Random forest will now be used for classification because it is capable of capturing non-linear relationships between features in data. This may lead to improved performance from logistic regression if the relationhips are non-linear.

In [None]:
from sklearn.ensemble import RandomForestClassifier

# Create and train the Random Forest Classifier model
rf_model = RandomForestClassifier(n_estimators=100, random_state=42)
rf_model.fit(X_train, y_train)

# Make predictions on the testing set
rf_predictions = rf_model.predict(X_test)

# Evaluate the model's accuracy
rf_accuracy = accuracy_score(y_test, rf_predictions)
print("Random Forest Classifier Accuracy:", rf_accuracy)

These improved results suggest the the relationships may be non-linear, although the model still performs poorly.

#### XGBoost

The final classification model used is XGBoost. This is a powerful gradient-boosting algorithm which has gained popularity for being efficient and accurate. Here a grid search of hyperparameter values is performed to find the best combination from a defined list. An XGBoost model is trained and tested using these values, and the performance is evaluated.

In [None]:
import xgboost as xgb
from sklearn.model_selection import GridSearchCV
from sklearn.metrics import accuracy_score
from sklearn.preprocessing import LabelEncoder

# Define parameters for the XGBoost model
xgb_params = {
    'objective': 'binary:logistic',  
    'eval_metric': 'error',           
}

# Encode the target variable
label_encoder = LabelEncoder()
y_train_encoded = label_encoder.fit_transform(y_train)

# Define the dataset
dtrain = xgb.DMatrix(X_train, label=y_train_encoded)

# Define the parameter grid for the grid search
param_grid = {
    'learning_rate': [0.3, 0.6],       
    'max_depth': [4, 6],                 
    'min_child_weight': [1, 3],          
    'subsample': [0.8, 1.0],                
    'n_estimators': [50, 100],
    'gamma': [0, 0.2],
    'reg_alpha': [0, 0.1, 1],
    'reg_lambda': [0, 0.1, 1],
}

# Create an XGBoost classifier
xgb_model = xgb.XGBClassifier(**xgb_params)

# Perform grid search
grid_search = GridSearchCV(estimator=xgb_model, param_grid=param_grid, scoring='accuracy', cv=3)
grid_search.fit(X_train, y_train_encoded)

# Get the best parameters from the grid search
best_params_xgb = grid_search.best_params_
print("Best Parameters for XGBoost:", best_params_xgb)

# Train the XGBoost model with the best parameters
best_xgb_model = xgb.XGBClassifier(**xgb_params, **best_params_xgb)
best_xgb_model.fit(X_train, y_train_encoded)

# Make predictions on the test set
y_pred_test_xgb = best_xgb_model.predict(X_test)

# Decode the predictions
y_pred_test_decoded = label_encoder.inverse_transform(y_pred_test_xgb)

# Calculate accuracy
accuracy_xgb = accuracy_score(y_test, y_pred_test_decoded)
print("Test Accuracy (XGBoost):", accuracy_xgb)


These results are improved over random forest, but still not very good.
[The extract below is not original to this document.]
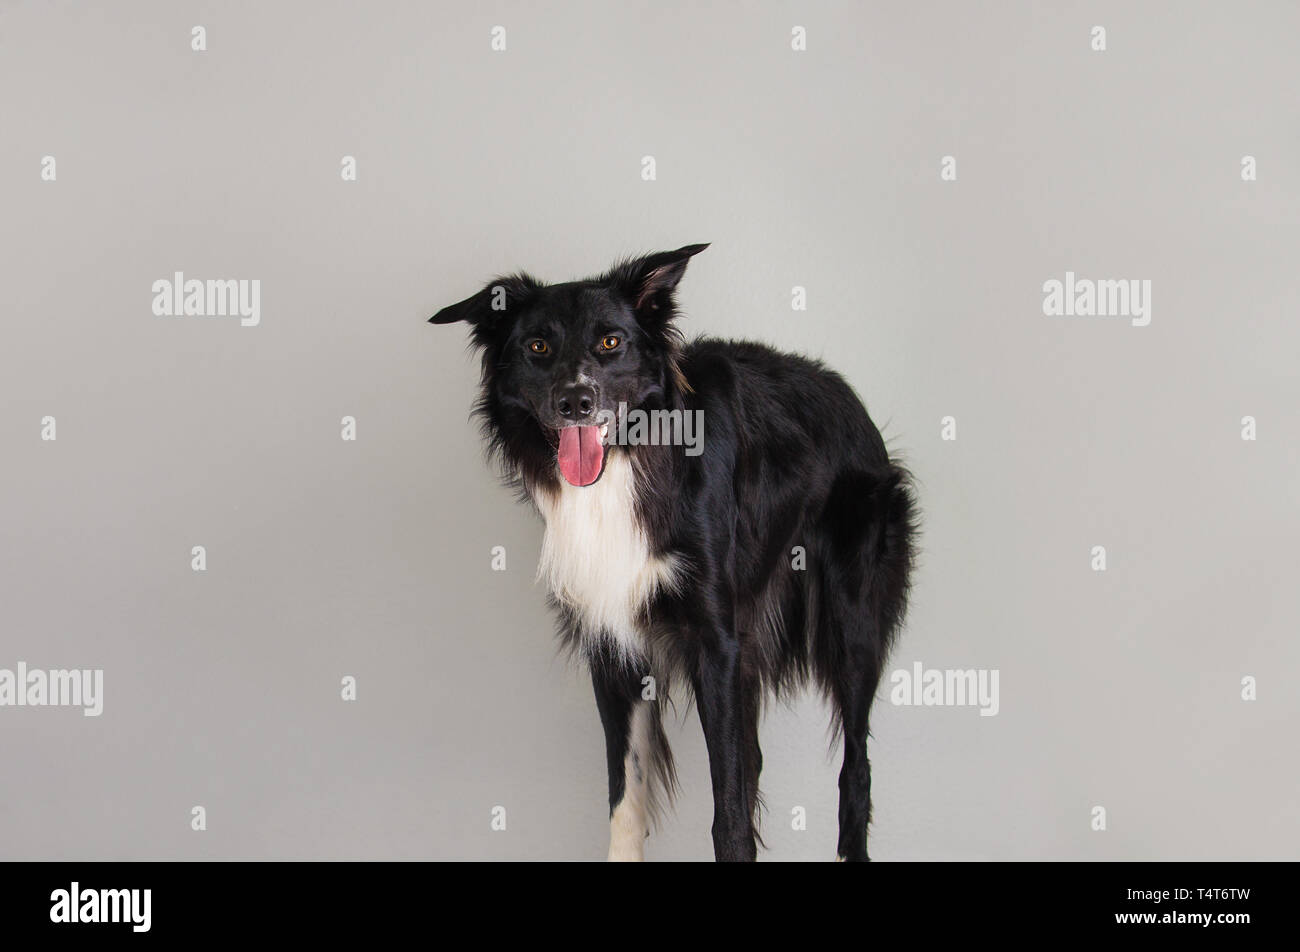 Porträt einer adorable reinrassigen Border Collie hund Kamera über graue  Wand Hintergrund isoliert. Lustige schwarze und weiße Welpen zeigen, Zunge,  mo Stockfotografie - Alamy

It is encouraging to see successive models getting better results, but accuracy may be limited due to a number of reasons.
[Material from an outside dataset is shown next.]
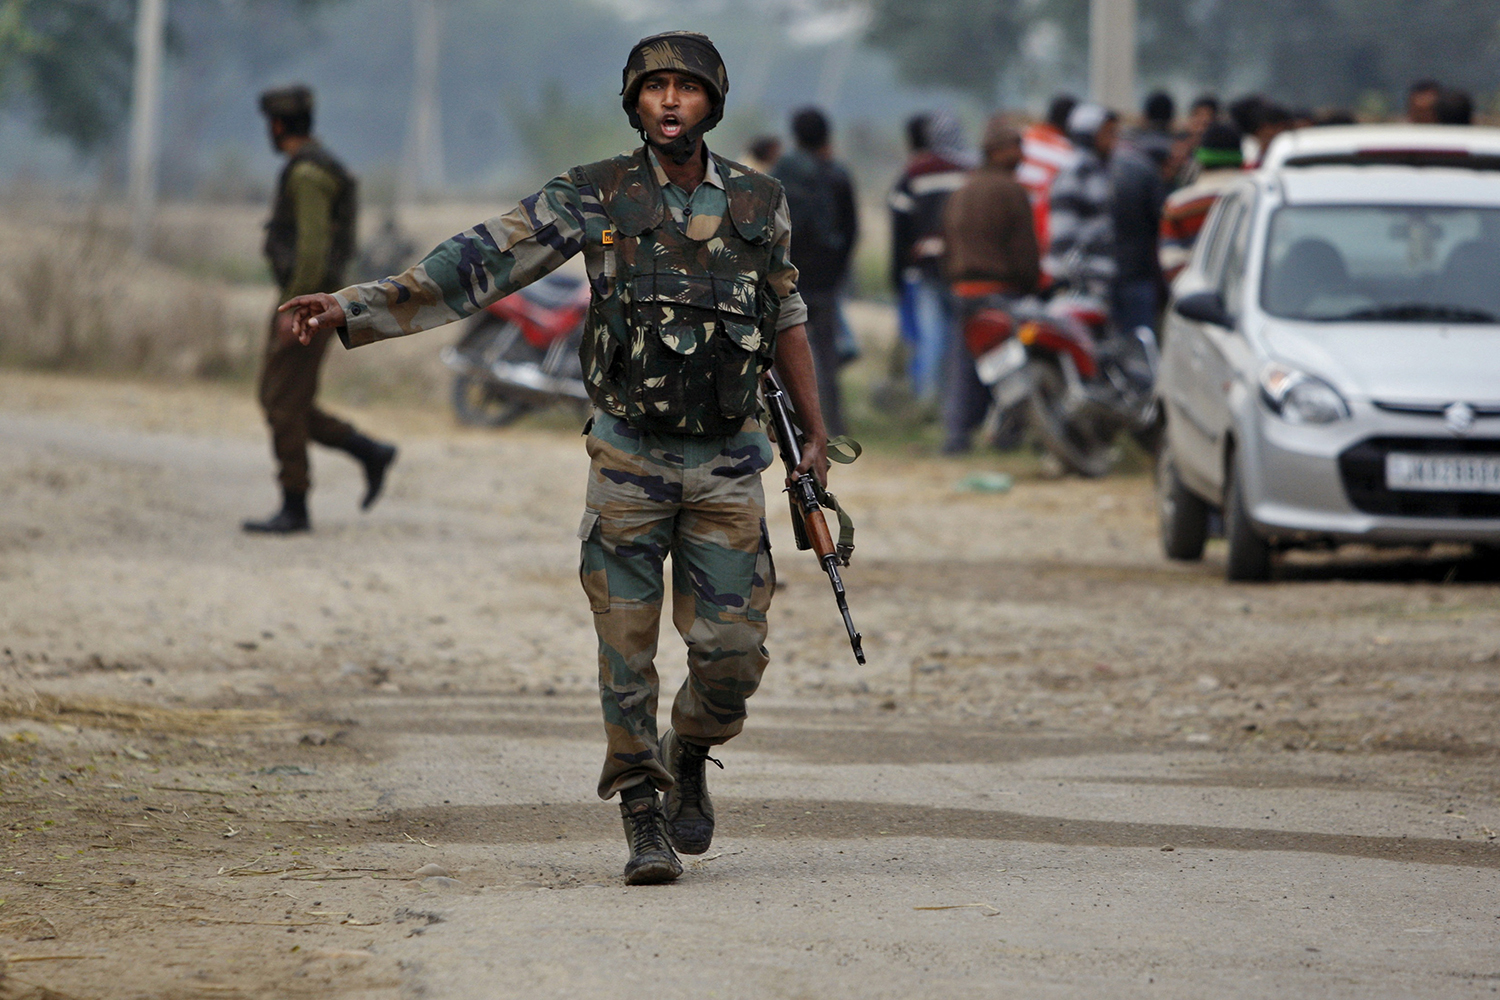 Fallecen siete personas en un choque armado en la India

. There may be more influential features which are not included in the model, in the future it may be possible to add extra information for these companies.

. The hyperparameter set may not be optimal; while grid search was used to find the best combination, there are many more adjustable hyperparameters and values to test.

. The dataset is small. In the future, a much larger dataset with thousands or more companies can be used, which may improve results for all models tested.

. There are companies which have an NA value for profit. I decided to remove these from the model, but replacing them with something like the mean profit of the other companies, or just '0' would increase the size of the dataset and potentially improve results.